# SFDA Chesa Boudin’s office accused of withholding exculpatory evidence



## RodneyFarva (Jan 18, 2007)

oh... no... I'm shocked something like this would happen.



San Francisco, CA – A whistleblower has accused San Francisco District Attorney Chesa Boudin’s office of withholding exculpatory evidence in order to convict San Francisco Police Officer Terrance Stangel of excessive force.

Magen Hayashi, a criminal investigator for Boudin’s office, testified on Thursday that she had been ordered to withhold evidence from the defense by other attorneys in the district attorney’s office, according to KNTV.

Hayashi said she was led to believe she would lose her job if she refused to do what they told her to do in the case against Officer Stangel.

The officer is facing excessive force charges in connection with an incident that occurred in October of 2019 when Officer Stangel was responding to a domestic violence call, KNTV reported.

Prosecutors have alleged that the officer beat Dacari Spiers with his baton unnecessarily and broke the suspect’s wrist and leg, FOX News reported.

Hayashi testified before a San Francisco Superior Court judge on Jan. 27 that there was a female witness who had claimed she saw Spiers beating a woman right before the officer hit him, KNTV reported.

The whistleblower attorney told the judge she hadn’t disclosed that witness’s statement because she was made to believe she would be fired for doing so.

Officer Stangel’s attorney, Nicole Pifari, filed a motion to dismiss the charges against her client on Jan. 24 and cited “prosecutorial misconduct” and “deceptive” methods by Boudin’s office, FOX News reported.

“The DA’s deceit and concealment of real evidence is disturbing, it is corrupt, and it is a violation of public trust.
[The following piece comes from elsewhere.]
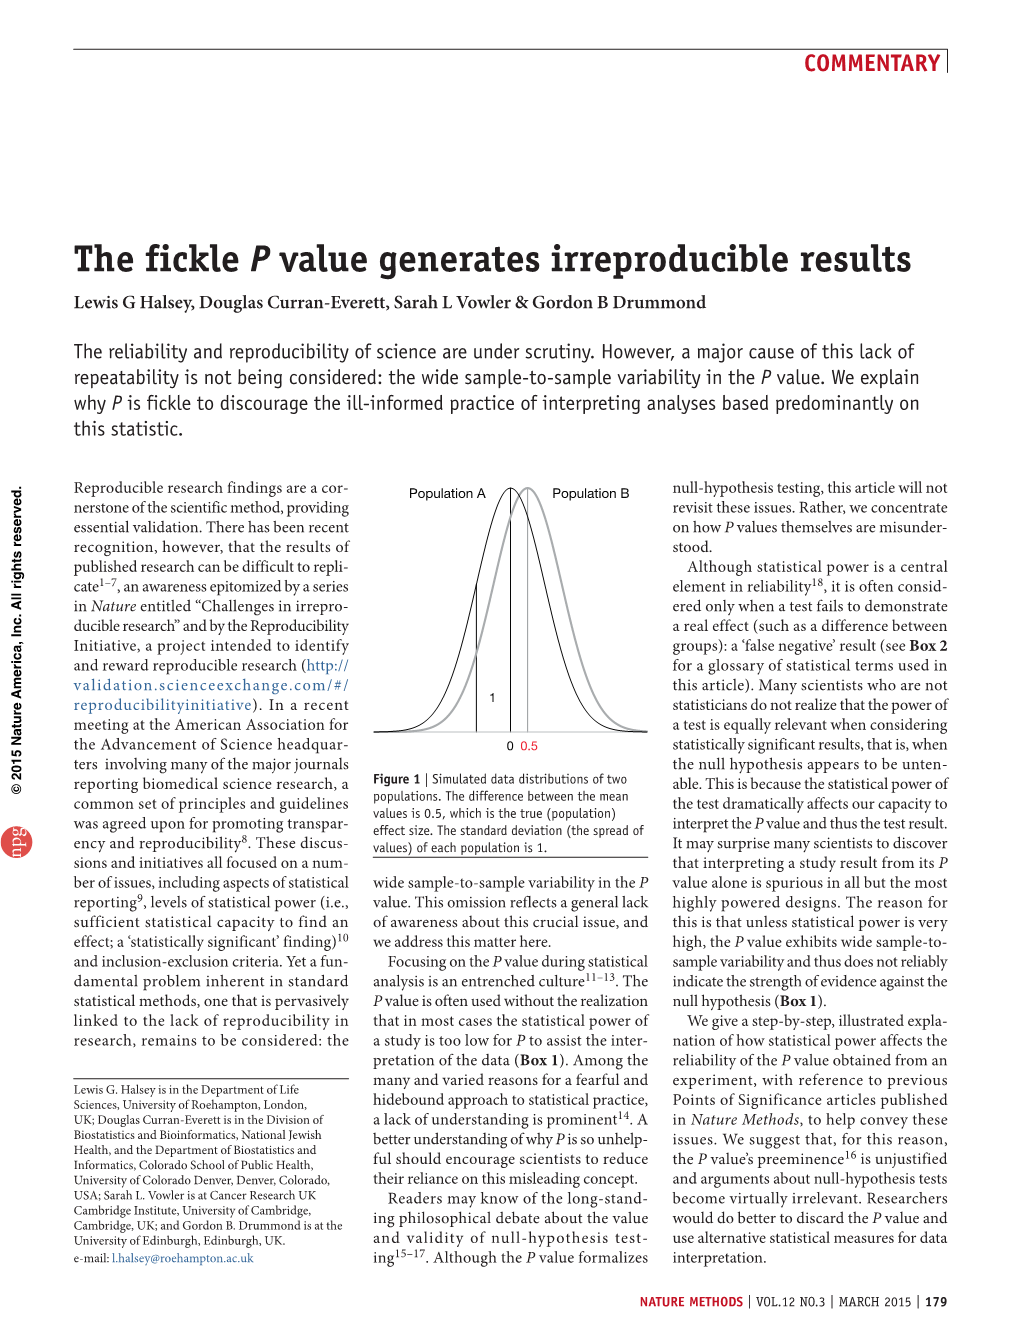 The Fickle P Value Generates Irreproducible Results Lewis G Halsey, Douglas Curran-Everett, Sarah L Vowler & Gordon B Drummond

Most importantly, however, it is illegal,” the motion read.

It turned out the witness the prosecution withheld was the same woman who had called 911 to report that Spiers was beating a woman that night, FOX News reported.

Pifari also included a transcript of the witness’s 911 call in her memo of support for the motion to dismiss.

“I would like to report… I think it’s called domestic violence or something because, um, there’s this guy who is beating up on this girl… He’s like, um, holding her like by the neck, like draggin’ her by the neck… She was trying to get away, then he grabbed, and then he got her again,” the woman told the 911 call taker.

Pifari also claimed there was a second witness who gave police a statement with the same story with similar details, FOX News reported.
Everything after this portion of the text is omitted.